Любовь и другие диссонансы - Вишневский Януш Леон 4 стр.


Здесь начинается другое пространство, где она забывает, что уже десять лет замужем. Другое пространство, в котором она может додумывать чужие истории и судьбы. Мнимые истории, мнимые судьбы, мнимая жизнь — с некоторых пор успешно заменяющая собственную.

Государственный архив, или ГАРФ, Бережковская набережная, 26. Адрес легко узнать, набрав в поисковике слово «Госархив», если, конечно, вы являетесь счастливым обладателем Интернета. Поразительно, насколько Сеть облегчила нашу жизнь. Теперь ехать на Бережковскую совсем необязательно. Достаточно заказать необходимые материалы по каталогу — и сиди себе, изучай, без пыли и посторонних взглядов. Каких-то двадцать лет назад такое было невозможно. Марина Петровна, старейший архивариус, в свое время объяснила Анне сложную процедуру доступа к документам. Это был своего рода ритуал посвящения.

«Подходя к зданию на Бережковской, сразу понимаешь, что тут не районная библиотека, где на полках чинно пылятся томики Пушкина, Гоголя, Гёте… Нет, открывая толстую дубовую дверь и проходя узким коридором, сознаешь, что попал в официальное учреждение, где хранится бесценная информация о людях, их личные досье. И толщина папок тоже разная, как и жизнь этих людей.

Насыщенный серый цвет придает зданию какой-то безличный вид; точно такие есть и в Берлине, в восточной его части. По дороге из аэропорта Тегель даже можно вообразить, будто едешь по Москве или Московскому проспекту в Петербурге. Ты словно возвращаешься в эпоху, где не было места другим цветам. Тогда поделить можно было не только конфету или пирог, но даже город, жителей которого, конечно же, никто ни о чем не спрашивал. Политики, стоявшие во главе государств-победителей, решили, что так будет правильно, и сделали восточную часть Берлина уныло-серой. Москву никто не делил. Она полностью, безраздельно принадлежала одному строю, одной системе, сплошному серому цвету, который проявлялся во всем. В фасадах домов, взглядах людей, в их одежде. Издали и не поймешь, мальчик или девочка: куртки, сапожки, шапочки — все у них одинаковое… От женщин исходил одинаковый аромат, аромат «Красной Москвы». Этот запах стал родным для тех, кто пережил то великое и страшное время. Так что в центре Москвы, среди насыщенного серого, и находится это хранилище информации, «святая святых» для историков.

В сегодняшней пестрой многоэтажной Москве здание архива уже не выглядит столь ужасающе. Даже напротив — придает некую законченность и серьезность облику квартала…

Новый день, утренний кофе, подъездная лестница, поворот ключа зажигания. Неожиданно кто-то постучал в стекло. Анна вздрогнула, нажала на кнопку. Два мальчика лет десяти серьезно смотрели на нее, у одного на носу — круглые очки. Яркие куртки, объемистые ранцы.
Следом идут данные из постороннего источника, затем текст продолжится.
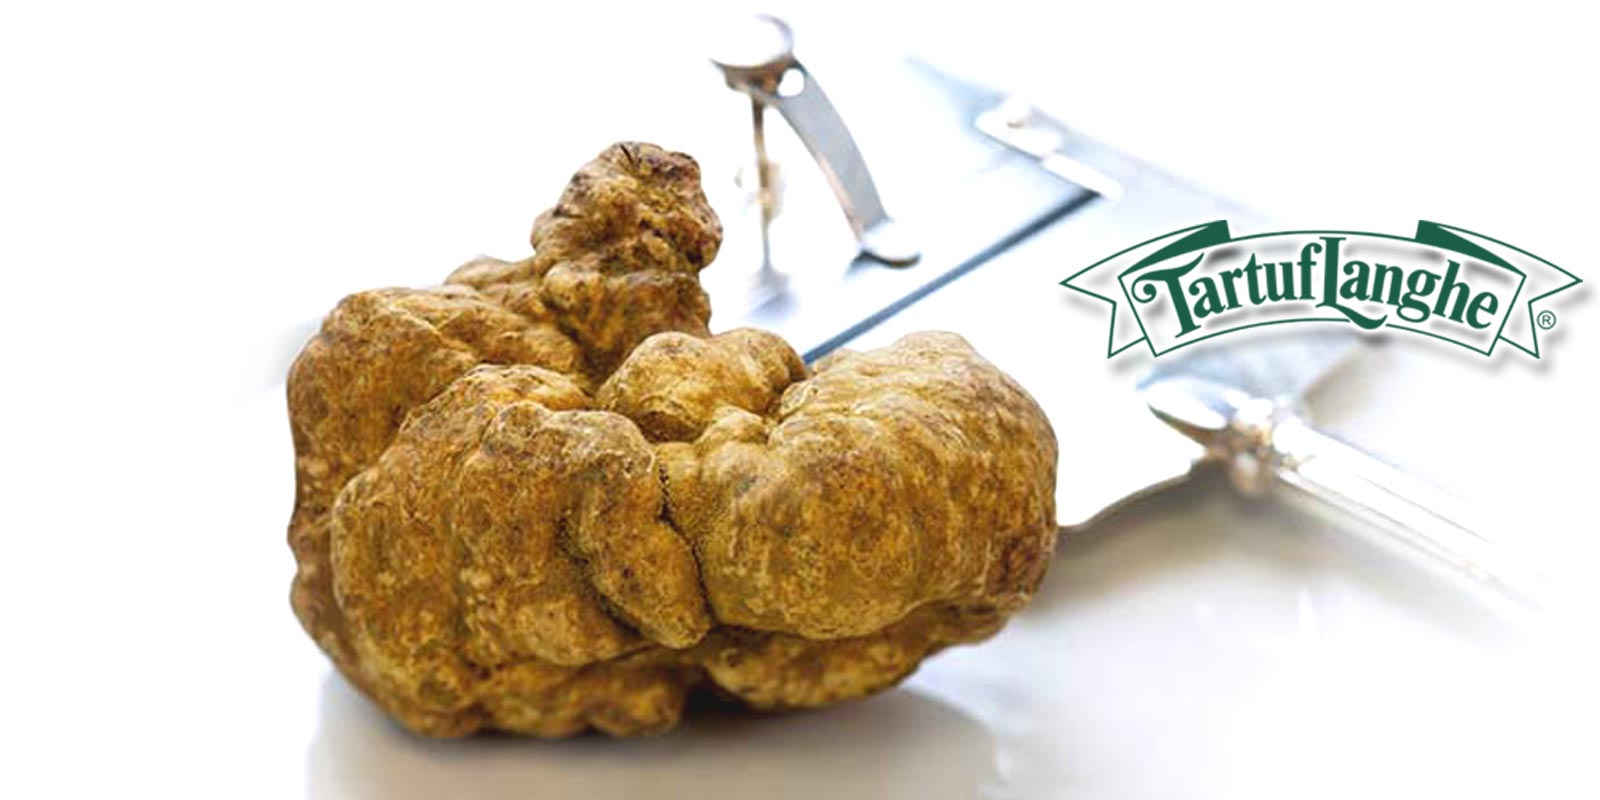 Produk Tartuflanghe Sejak tahun 1968, Tartuflanghe telah memproduksi dan mendistribusikan produk truffle dan truffle. Mereka dicirikan oleh rasa dan kualitas produksi yang tinggi.

— Здравствуйте, — сказал тот, что в очках. — Извините, пожалуйста, мы тут с другом поспорили. И решили спросить. Вы не знаете случайно, существуют ли квадратные корни у отрицательных чисел?

Она улыбнулась, ответила в тон:

— Здравствуйте. В математике есть такое понятие — мнимые числа. Это именно те числа, вторая степень которых является отрицательной величиной…

— Мнимые! — восторженным эхом отозвался мальчик. Поправил очки, схватил товарища за руку, и они убежали — яркие куртки, объемистые ранцы.

Мнимые числа, мнимая жизнь. «Так и я, — подумала Анна, — сочиняю себя, свое место в пространстве и времени, а ведь даже не уверена порой, что существую. Приходится смотреть в зеркало, чтобы убедиться, что я есть. Мнимая женщина, мнимая жена, ничья не любовь. Так. Так. Остановиться, не портить утро».

Сегодня у Марины Петровны, ее начальницы — день рождения. Нужно обязательно купить цветы.

Марине Петровне исполняется шестьдесят два, но она, конечно, не собирается бросать работу. В России прожить на пенсию невозможно, особенно если ты одинок. Марина Петровна в архиве уже сорок лет, досконально знает все тонкости профессии. Таких специалистов, любящих свое дело, сейчас днем с огнем не сыщешь, их просто не существует: огромные фонды, маленькая зарплата, приходящие и уходящие директора…

В последний момент Анна решила ехать в архив на метро. Захотелось отпраздновать день рождения Марины Петровны по-настоящему, а не бокалом минералки. У входа слилась с толпой, вплывающей в мрачный туннель, а войдя в вагон, ощутила приятно будоражащий аромат дорогого мужского одеколона. К парфюму примешивался запах сигарет. Ей ужасно хотелось обернуться, но что-то удерживало. Некоторые называют это хорошим воспитанием. От вынужденной близости физическое возбуждение, которого не испытывала уже несколько лет, росло. Щеки порозовели, кровь пульсировала в висках.

Но тут металлический голос объявил нужную остановку: «Киевская». Анна буквально пулей вылетела из вагона.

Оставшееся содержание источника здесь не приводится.